Manufacturing muddleWednesday, April 06, 2016
Recently we have had another call for a boycott on goods from Trinidad and Tobago. The industrialists state this is because Jamaicans have been treated with outright disrespect by Trinidadian authorities, while the common man says it is because the Trinis are looking to dominate the Caribbean through economics and bullying (see the cases taken up by the industrialists).
All of this is good to hear, we need more nationalism and patriotism in this country but where will it lead and what will it achieve?
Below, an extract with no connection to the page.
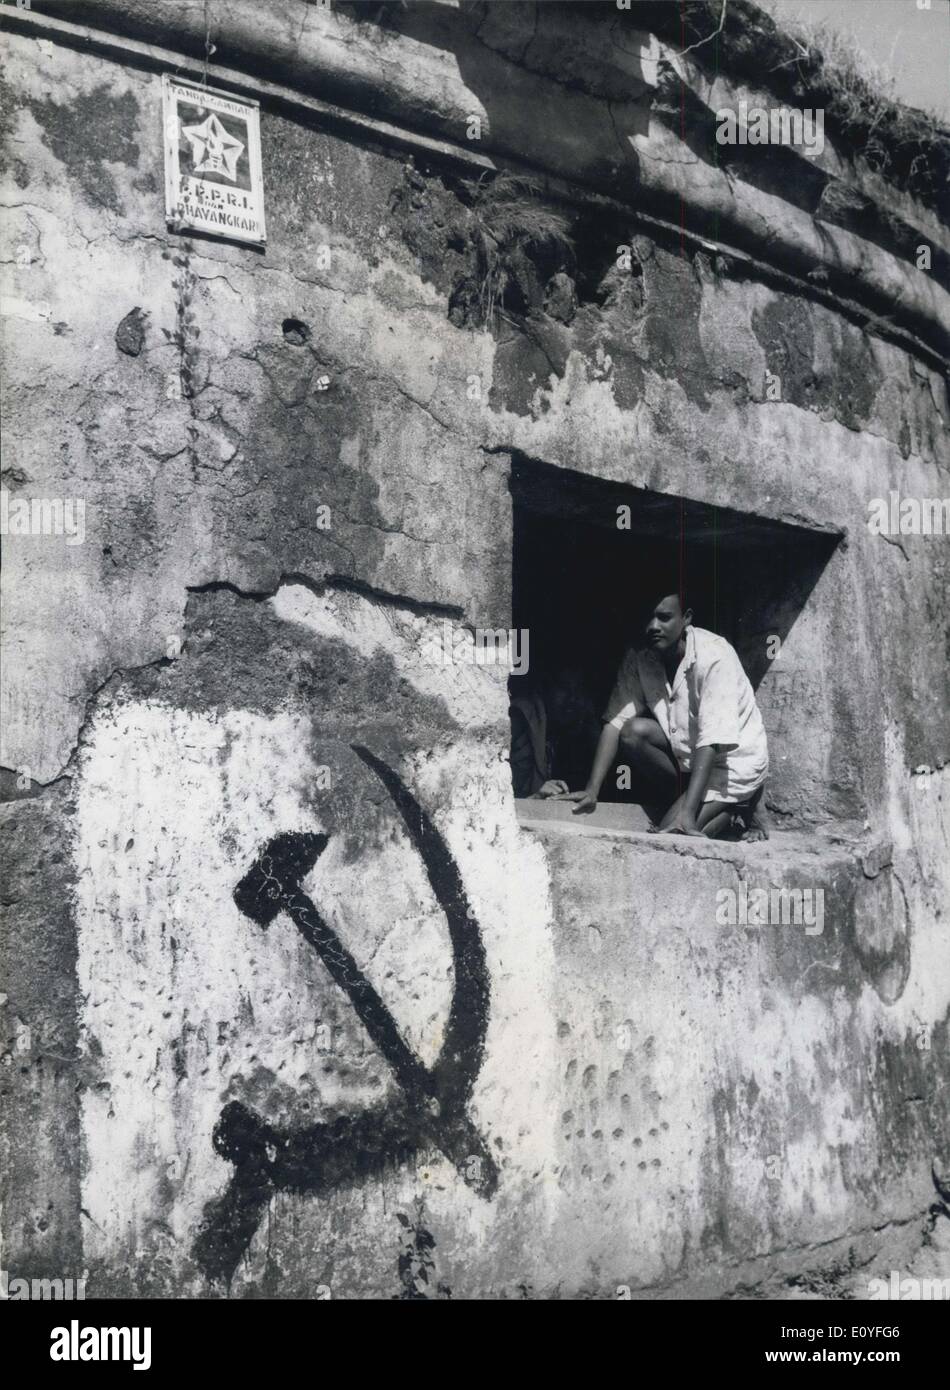 1 janvier, 1970 - un marteau et la faucille de décorer les murs d'un ancien palais dans le centre de Java. L'IPC, le Parti communiste indonésien, a obtenu 6 000 000 voix aux dernières élections, mais si une autre élection a lieu ils s'attendre à doubler ce nombre. mais il n'y a pas eu d'élection pour de nombreuses années. Banque D'Images
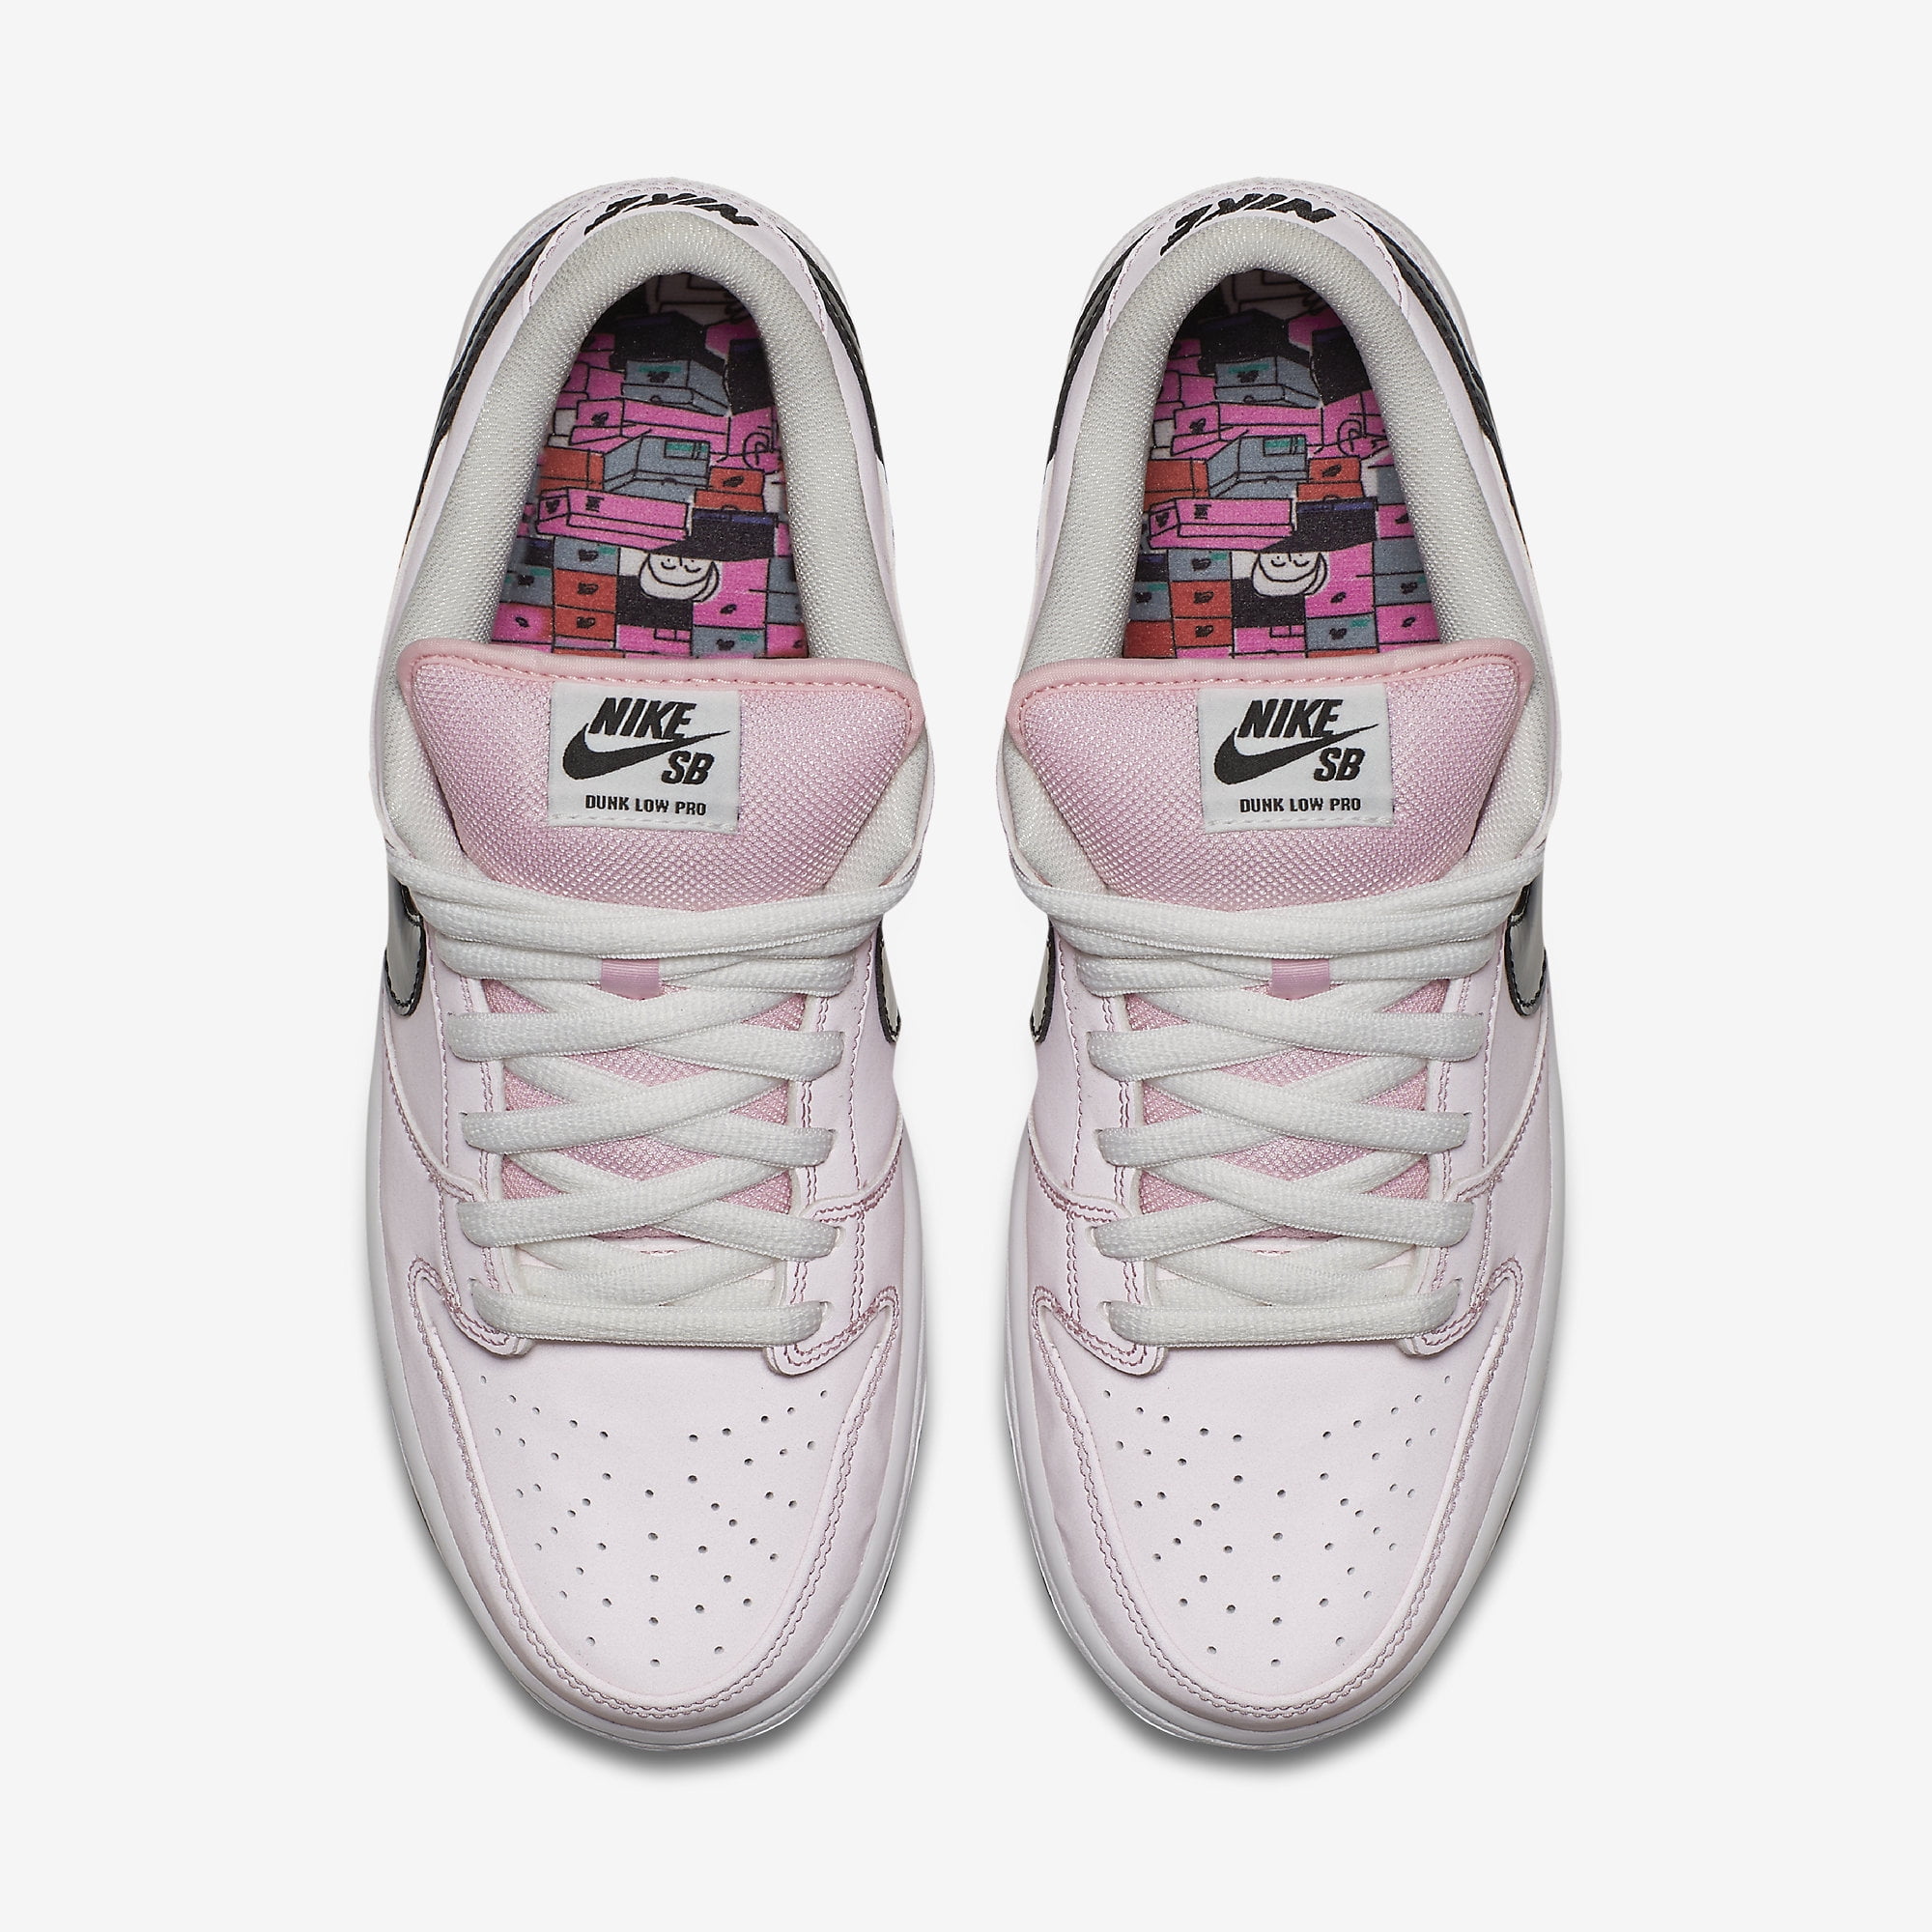 Mens Nike Dunk Low Elite SB Prism Pink Black White 833474-601

As it relates to manufacturing, the industrialists and the governments of the past 40 years must take the blame for the current state of affairs. Our major manufacturers have done well and can be regarded as giants financially in the region but they have little impact in supermarkets across the region, people complain. Why then do they not set up a manufacturing and distribution centre in that part of the region, like the countless Trini companies do in Jamaica to gain access to the western Caribbean?
Why do they not buy and acquire eastern Caribbean manufacturers to get a foothold in the region like what Sagicor or the company that bought Carib Cement did?
We will be told that it is not easy; well nothing worth doing is. Companies like Lasco and Grace have flourished in Jamaica in spite of 40 years of economic bedlam, they have matured in spite of the local anarchy and Byzantine business laws, so why not chance it in the east where the business climate is more friendly?
When it comes to how the Trinidad immigration authorities treat our nationals, the answer is simple and twofold. We must insist that they cease this unjust practice or take it to court while at the same time looking deeply within ourselves.
We need to look within ourselves and deal with our crime problem and our broader societal issues. Until we do that, Jamaicans, especially poorer ones, will continue to be harassed and unjustly treated at many ports of entry.
In short, yes, I agree with the boycott, but not unless our manufacturers take that leap of faith and jump fully into the eastern Caribbean and not until we as a society start to seriously address our problems. Because to not do so would be a waste of time. Without the leap of faith the trade imbalance will remain, and without introspection and change, our citizens will continue to be harassed and we will be back at square one.